Mariano Rajoy y Luis Enrique se dan un aire. Ambos ven vergeles donde los demás perciben solo páramos con matorrales. Los dos se enrocan cuando alguien osa ponerles un pero. “Catastrofistas, agoreros”, dice el presidente del Gobierno. “Hemos sido muchísimo mejores que el rival”, remata el entrenador después de que su equipo empate en Getafe. Y tan pichis. Somos los demás los que estamos equivocados y no sabemos verlo porque los arbustos nos tapan el bosque.

Están además rodeados de gente tan súper optimista como ellos. Y si algo va mal es “por la herencia recibida” de los socialistas o “porque el equipo no supo adaptarse al horario”, que dijo Zubi ayer. Fátima Báñez, la ministra de Trabajo, afirmó también ayer en Cádiz que “los españoles tienen derecho a estar alegres. España va a crecer más de lo que dicen muchas previsiones y todo ello es posible gracias a nuestras reformas para arreglar los desaguisados que dejaron otros”. Mientras, el ministro de Sanidad, Alfonso Alonso, instaba a todos los ciudadanos a “empezar a sonreír ya porque España ha podido con la crisis”. Si es que somos unos sosos, joder. ¡Alegría! ¡Todos a sonreír! Jajá. Jujú. Óle, óle y óle. España está que se sale y el Barça juega a las mil maravillas, que no nos enteramos de ná y seguimos poniendo peros porque somos así, una panda de amargaos.

Y por esa razón, por quisquillosos, malajes y malas sombras, no agradecemos lo suficiente sus desvelos. Miren por ejemplo el caso de Ignacio González, el presidente de la Comunidad de Madrid, que no abrirá los comedores escolares en Navidad para que los niños no se pongan gordos. “El principal riesgo que tienen los niños en Madrid es la obesidad”, le contestó al portavoz socialista que le pedía que los abriera para los niños que lo necesitan. Pues no. Que se engordan. ¡Yujú!

Igual nos sucede con Jorge Fernández Díaz, el fabuloso Ministro del Interior, que nos ha dado la solución ideal para solucionar la migración y acabar así con el drama y las devoluciones en caliente: “Si nos dan su dirección y se comprometen a atender a esas personas, mantenerlas y darles un puesto de trabajo adecuado, les enviaremos a los inmigrantes con toda rapidez”. Tanto criticarle por nimiedades al final el hombre, pues claro, se terminó enfadando: “Y si no lo hacen, que se callen y den menos lecciones”. Si es que hay que reírse más, jopé. Que está ésta gente deslomándose y dándonos soluciones y alegrías y nosotros, ahí, ñiñiñiñi.

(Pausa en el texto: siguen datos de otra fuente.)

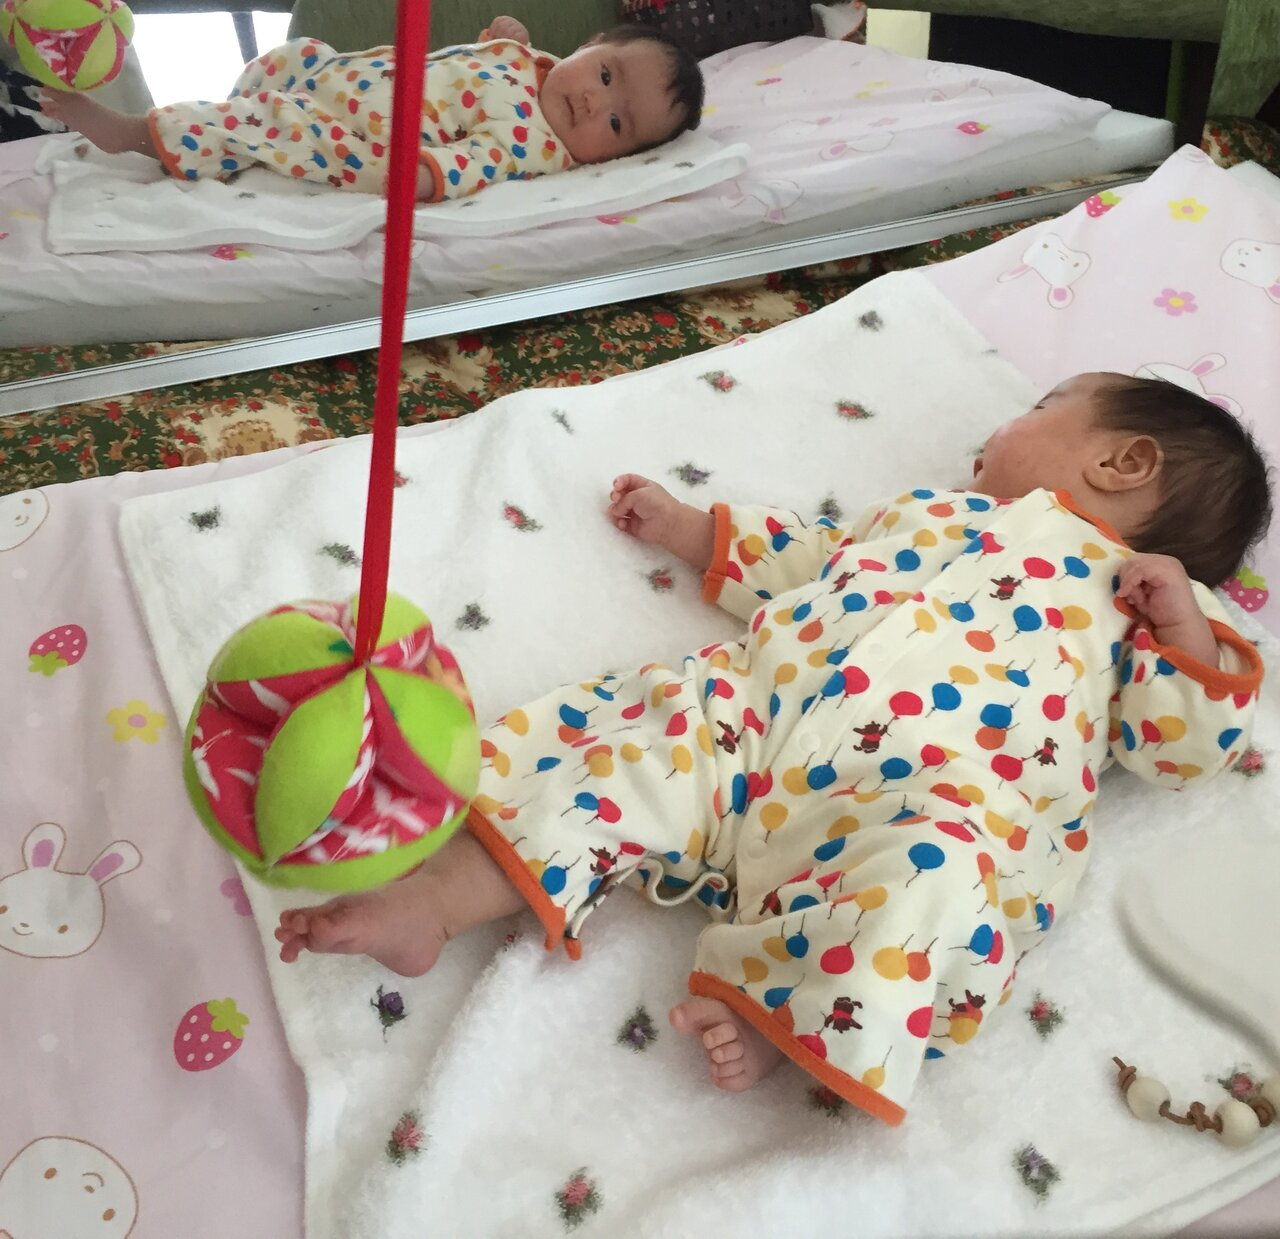 鏡を見てボールを蹴る赤ちゃん
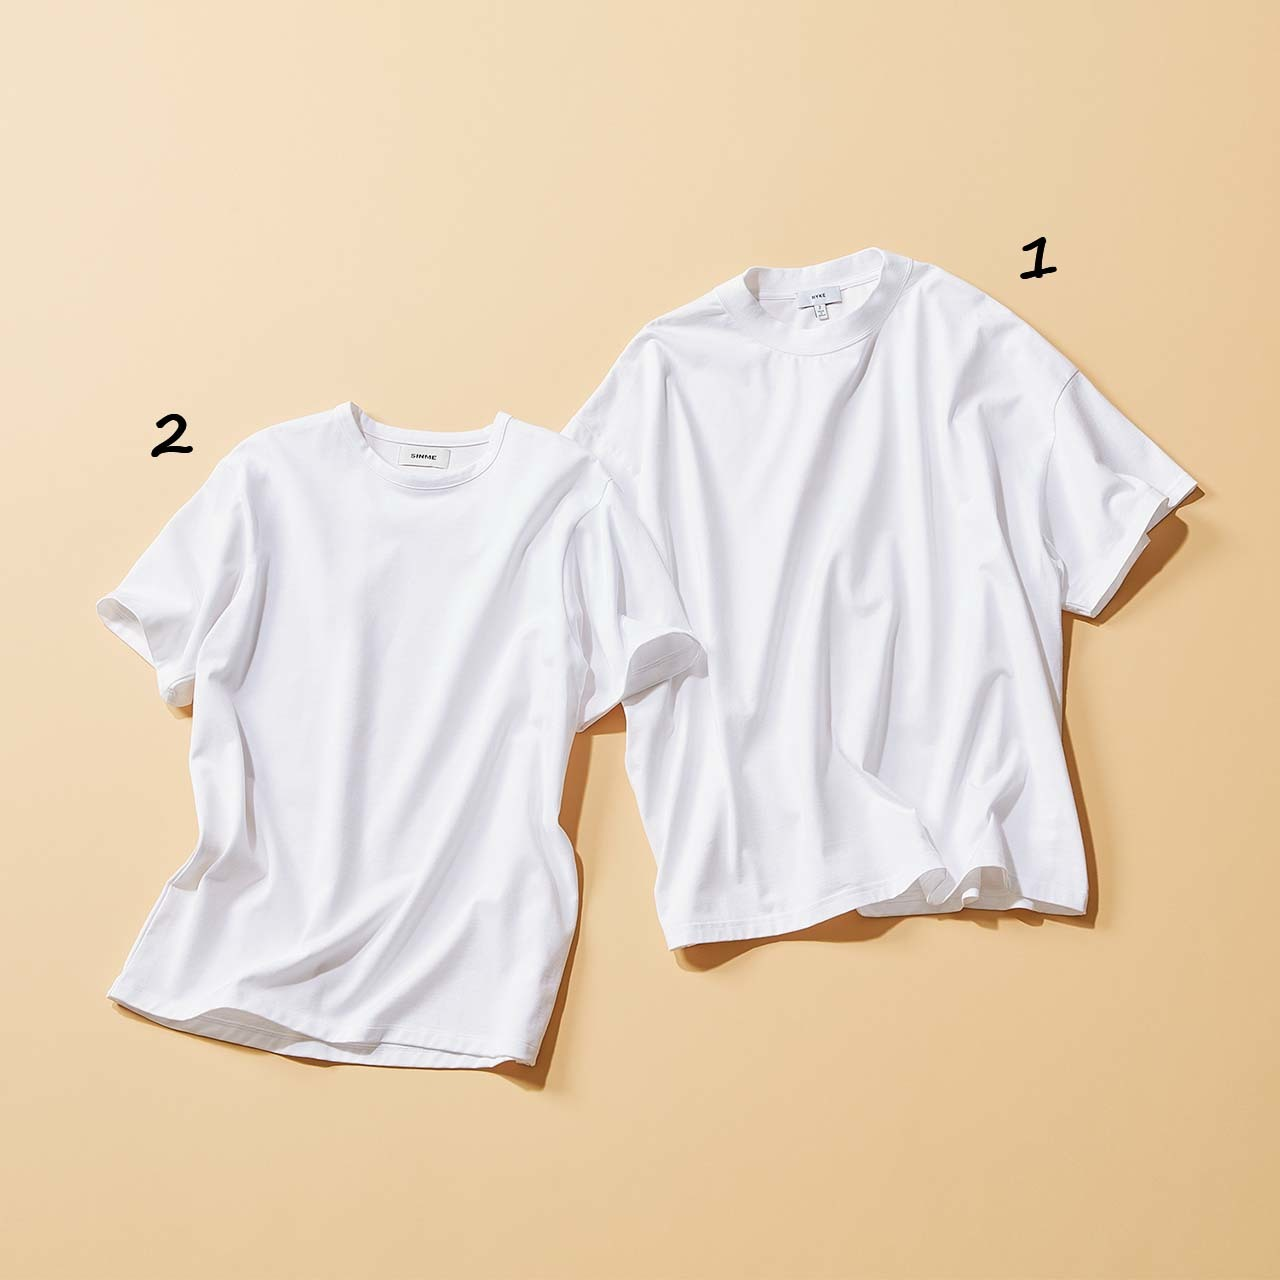 白Tシャツ2枚

La crisis es historia amigos. Lo ha dicho Rajoy. ¡Todos a la calle! A no... Espera. Tampoco. Que por nuestro bien también, para que no nos hagamos daño y prevenir aglomeraciones y molestos jaleos en la calle, el PP ha utilizado su mayoría en el Congreso para aprobar la Ley Orgánica de Seguridad Ciudadana, también llamada ‘Ley Mordaza’ porque, volvemos otra vez a lo mismo, si es que somos lo peor, unos incorregibles. Nada de manifestarse así, a lo tonto y a lo bobo. Porque a ver, total: Si la recuperación es un hecho y esto es Jauja ¿pa qué manifestarse? Cuidado también con grabar a un policía atizando a un ciudadano, eso es multa por curiosón y cotilla. Esooo no se haaace. Y nada de intentar parar un desahucio, que si les echan de sus casas bien echados están. Y si no, la fórmula de Fernández Díaz igual también vale aquí: Te llevas a los desahuciados a la tuya o te callas y dejas de dar la murga. Pelmas, que sois unos pelmas.

¡Alegría! ¡Sonreíd! ¡Tú también, Luis Enrique! Si total, el Barça es una máquina. ¡Todos juntos! Jajá. Jujú.